Sources of variability
Emily Leproust, Ph.D., CEO and founder of Twist Bioscience, says that one of the main sources of variability in target enrichment is the inconsistency of enriched sequences. “Often, sequence capture is not uniform across the target region of the sample, resulting in underrepresentation of less common variants, which are often regions of interest. Consequently, more sequencing depth is required to capture that particular variation, which makes target enrichment less cost-effective. In addition, more sequencing of off-target regions leads to a deluge of unusable data, further increasing the cost of bioinformatics and data storage.”
Another issue of concern, she says, is in the time involved in customizing target-enrichment panels. Taking such panels from small-scale pilot to routine implementation of a consistent, well-defined panel can take several iterations over many months. “Due to the iteration time, scientists conclude that custom target enrichment is too expensive and time-consuming to be accessible, which causes many to default to fixed panels, or more commonly whole-exome sequencing.” However, as we expand our genomics understanding, we find key regulatory regions outside the exome. “Researchers want to be able to look at all of this information at one time. Creating customized panels to enrich for nonexonic content, as well as smaller custom panels, could allow for more rapid expansion into translational research applications.”

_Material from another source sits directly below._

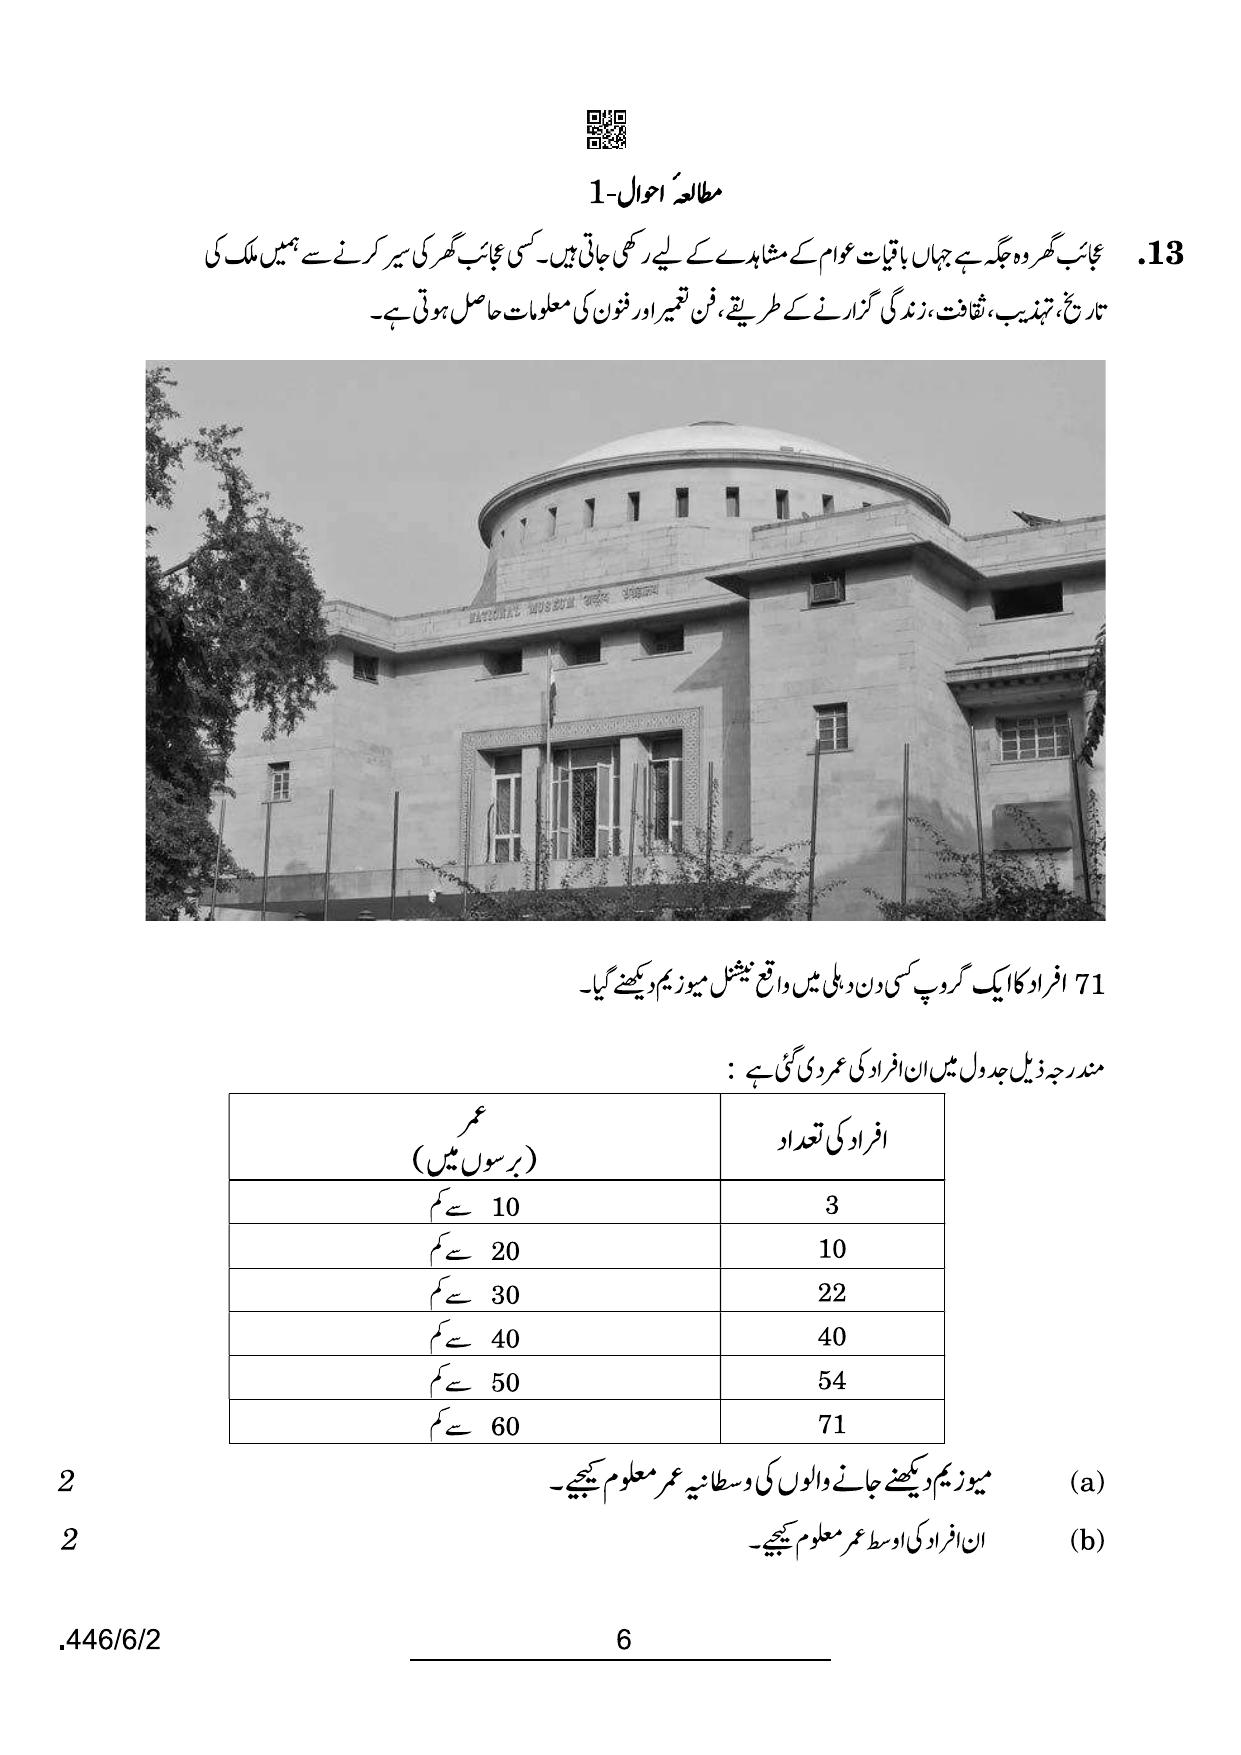 CBSE Class 10 446-6-2 Maths Basic Urdu 2022 Compartment Question Paper - Page 6

Twist launched its target-enrichment product line just last year, with the release of the Twist Human Core Exome Kit and Twist Custom Panels. In addition to the Twist Human Core Exome Kit, Twist offers library-preparation components and continues to expand its offering in fixed panels for both human and nonhuman species. The Twist Custom Panels enables rapid panel customization and optimization.
While target enrichment still poses challenges it is now possible, by leveraging efficient and precise DNA synthesis, to design “very effective probes coupled with exact synthesis to ensure that every probe works efficiently for the highest quality capture reaction,” LeProust says. Additionally, custom panels will continue to make target enrichment efficient and effective for targeted genomic analysis.
The highly variable nature of NGS samples, and the equally diverse set of end-results, suggest that target enrichment will continue as a top priority for sequencers, particularly toward developing actionable medical diagnostic tests.
“As a consequence, I don’t think there will ever be a one-sized-fits-all approach to target enrichment,” Barry adds. “Specific research goals have their own set of expectations from sequencing. These can vary significantly based on sample source and abundance, and ultimately the goal of the study with regard to detection sensitivity for samples with scientific impact.”
LeProust agrees that off-the-shelf enrichment strategies are not viable given current technology. “Researchers want the ability to quickly create custom panels, and iterate on those panels rapidly.” For example, Twist’s scalable, silicon-based oligonucleotide synthesis manufacturing platform generates high-performing probe panels for NGS target enrichment for pilot trials and at scale, and in significantly less time than a typical custom panel design, according to the company.